#### What to do:
Word for word, restate the lines from the one holding "Guardian Developers 100%" through the last line of the material below, and leave every picture out.

#### Supplied data:
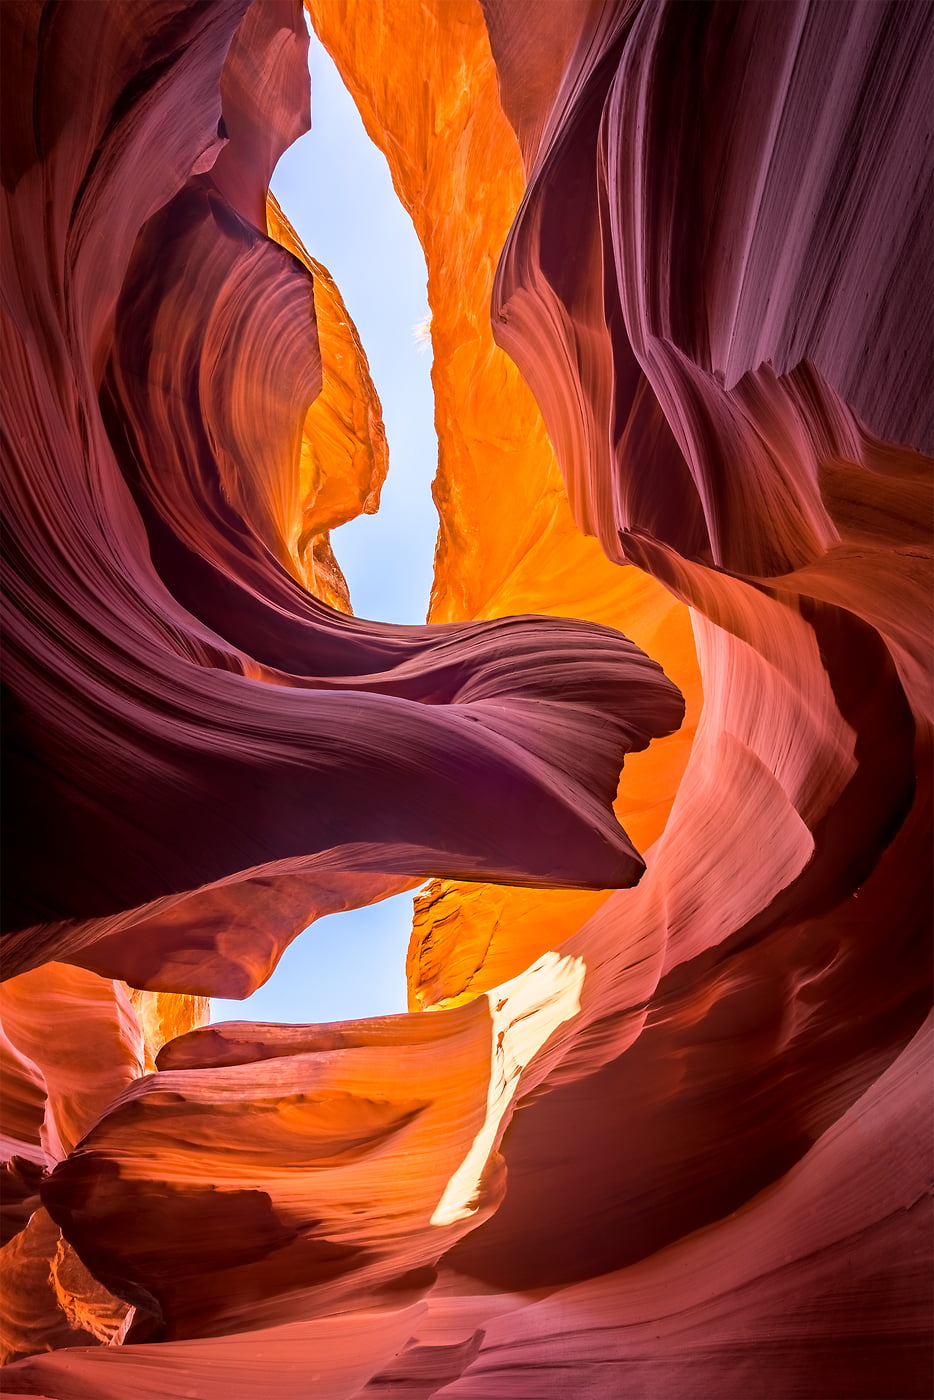 165 megapixels! A very high quality, large-format VAST photo print of Antelope Canyon; fine art nature photo created by Justin Katz in Arizona.
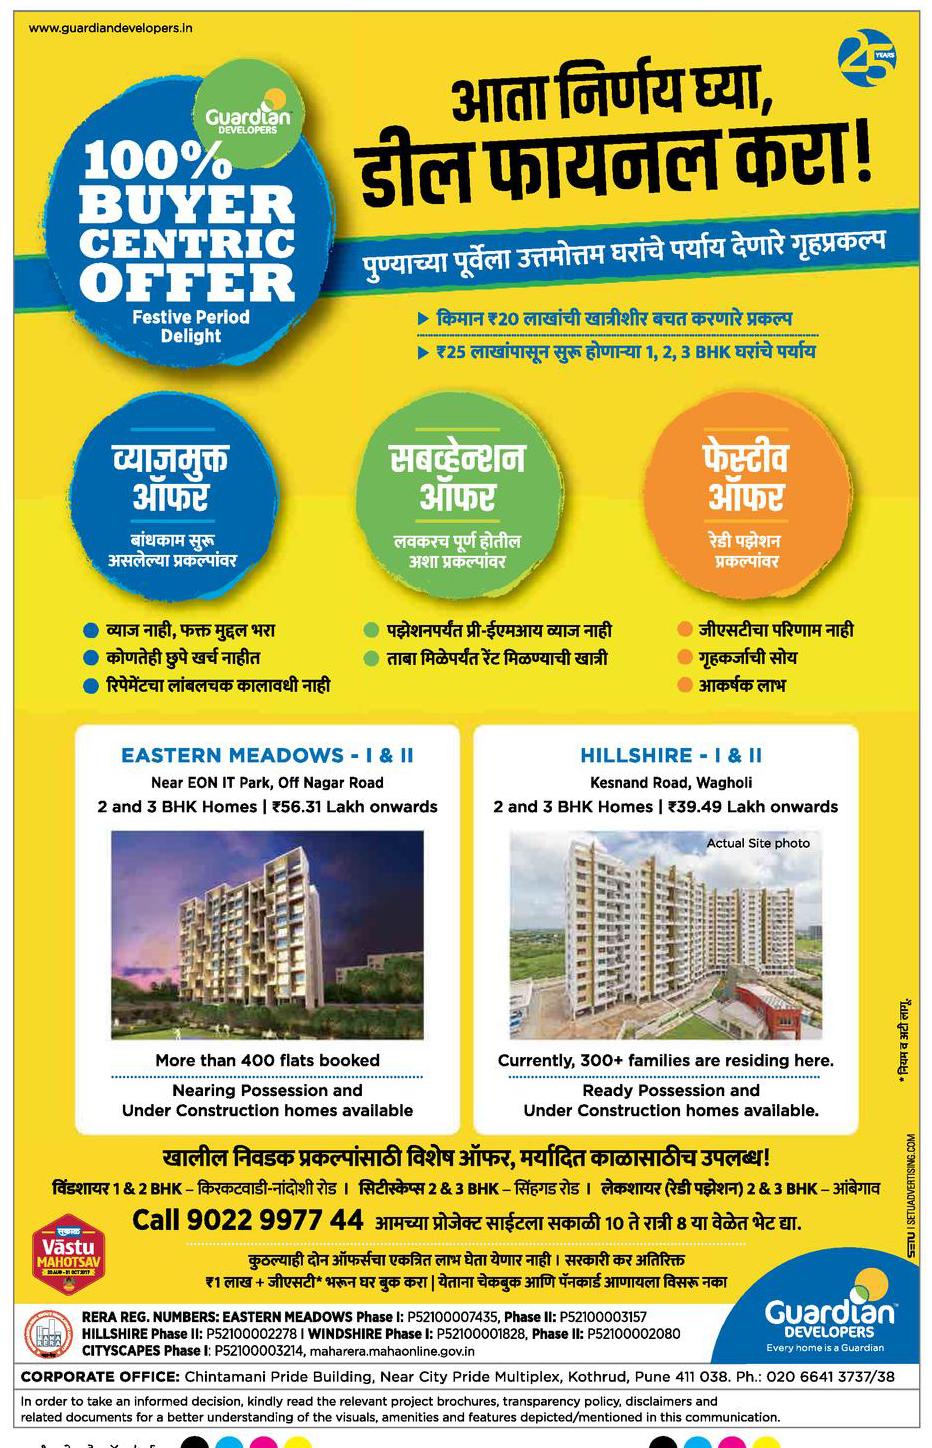 Guardian Developers 100% Buyer Centric Offer Festive Period Delight ...
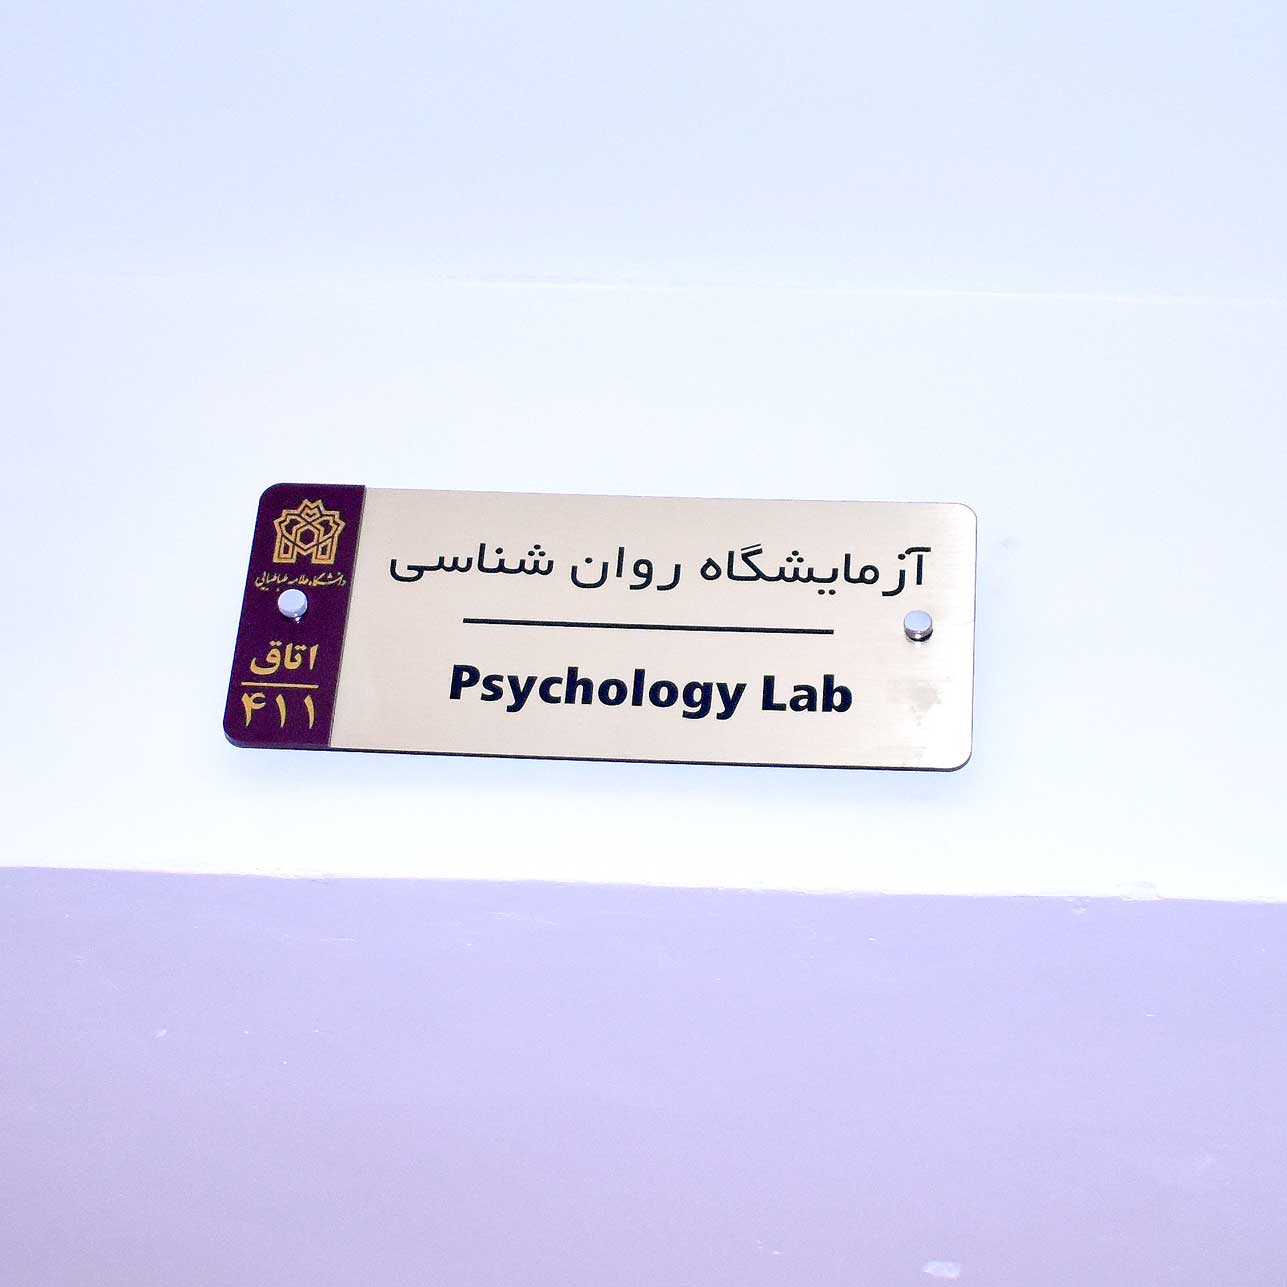 Psychology Laboratory, Faculty of Psychology and Education

#### Task response:
 Guardian Developers 100% Buyer Centric Offer Festive Period Delight ...
 Psychology Laboratory, Faculty of Psychology and Education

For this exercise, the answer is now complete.